Question

A block of mass $1kg$ travelling in a straight line with a velocity of $10m{s}^{-1}$ collides with and sticks to a stationary wooden block of mass 5 kg.
Then they both move off together in the same straight line. Calculate the total momentum just before the impact, just after the impact and the velocity of the combined object.

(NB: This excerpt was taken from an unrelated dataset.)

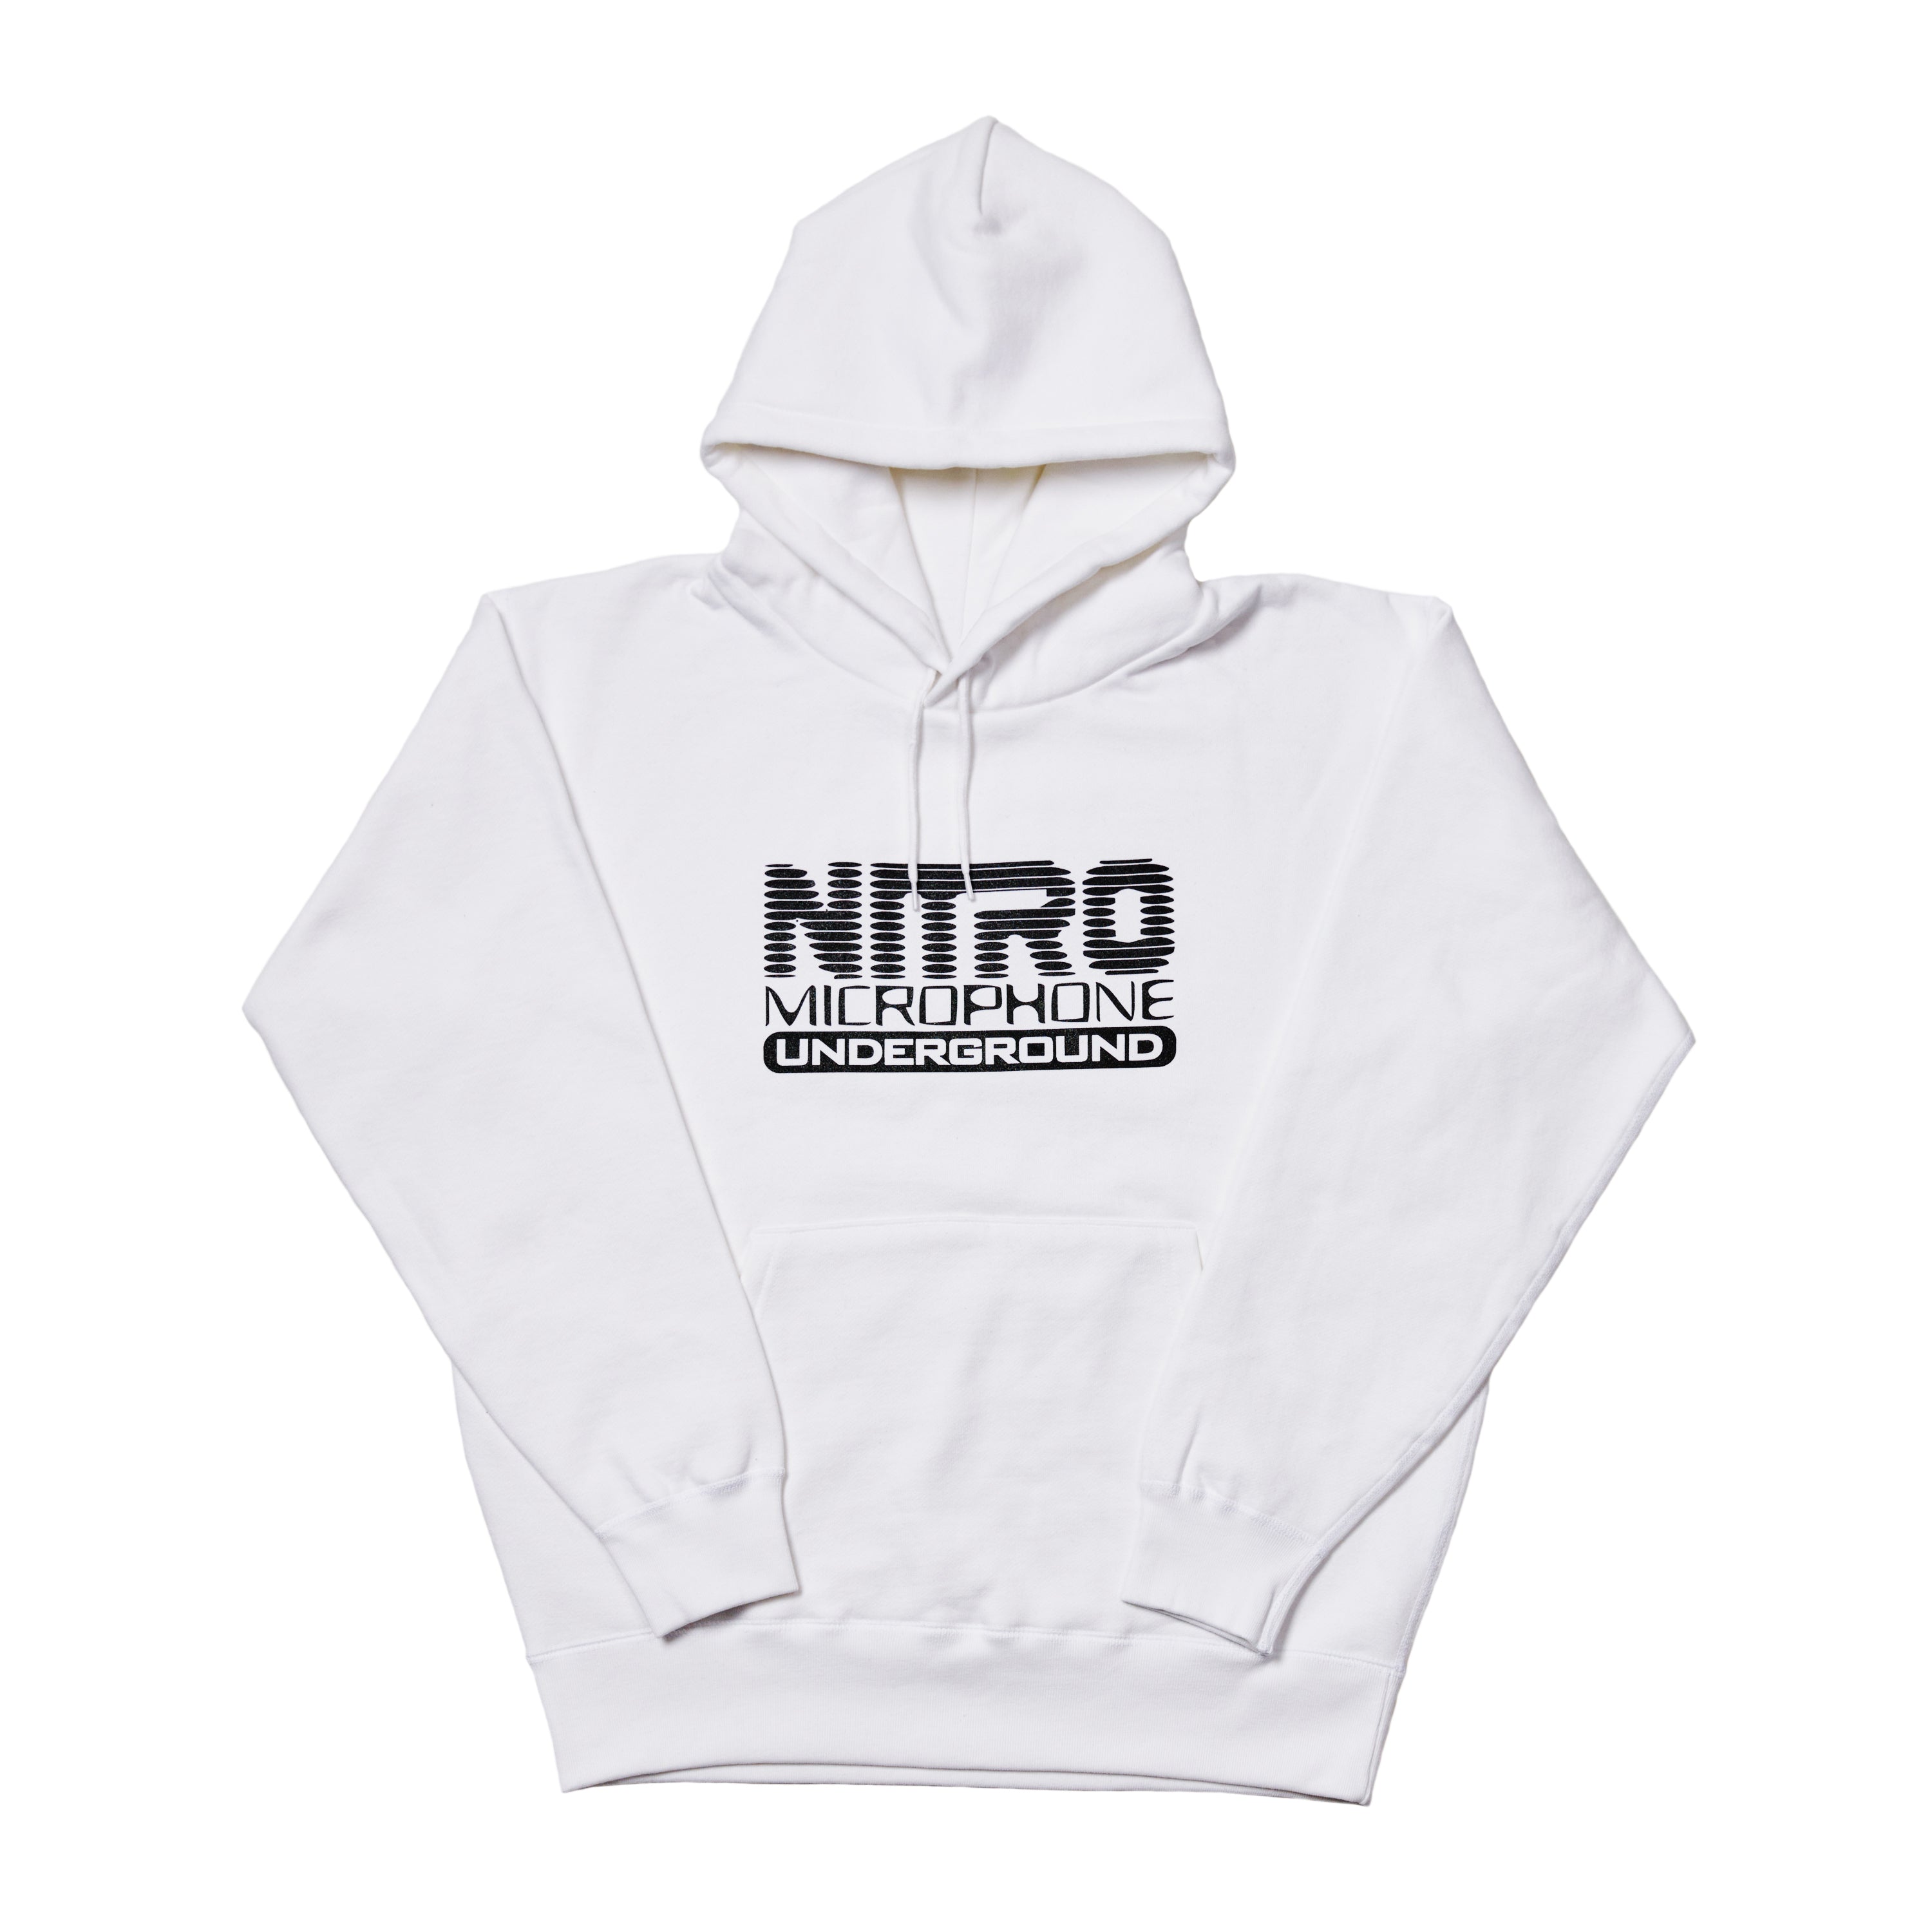 nitro microphone underground logo hoodieトップス

• A. $10kgm{s}^{-1}$, $20kgm{s}^{-1}$, $1.67m{s}^{-1}$
• B. $10kgm{s}^{-1}$, $10kgm{s}^{-1}$, $2m{s}^{-1}$
• C. $10kgm{s}^{-1}$, $10kgm{s}^{-1}$, $1.67m{s}^{-1}$
• D. $5kgm{s}^{-1}$, $10kgm{s}^{-1}$, $2m{s}^{-1}$

Answer 1

The correct option is C $10kgm{s}^{-1}$, $10kgm{s}^{-1}$, $1.67m{s}^{-1}$

Given,
Mass of first block, $m_1=1kg$
Mass of second block, $m_2=5kg$
Initial velocity of first block, $u_1=10m/s$
Initial velocity of second block, $u_2=0m/s$

The momentum before collision is:
$p_i=m_1{u}_1+m_2{u}_2$
$p_i=1\times 10+5\times 0$
$p_i=10kgm/s$

Let the final velocity of the blocks be $v$.
Final momentum will be:
$p_f=(m_1+m_2)v$
$p_f=(1+5)v=6v$

From the law of conservation of momentum, momentum before collision should be equal to momentum after the collision as no external force was acting on the bodies. So,
$p_f=p_i$
$6v=10$
$v=1.67m/s$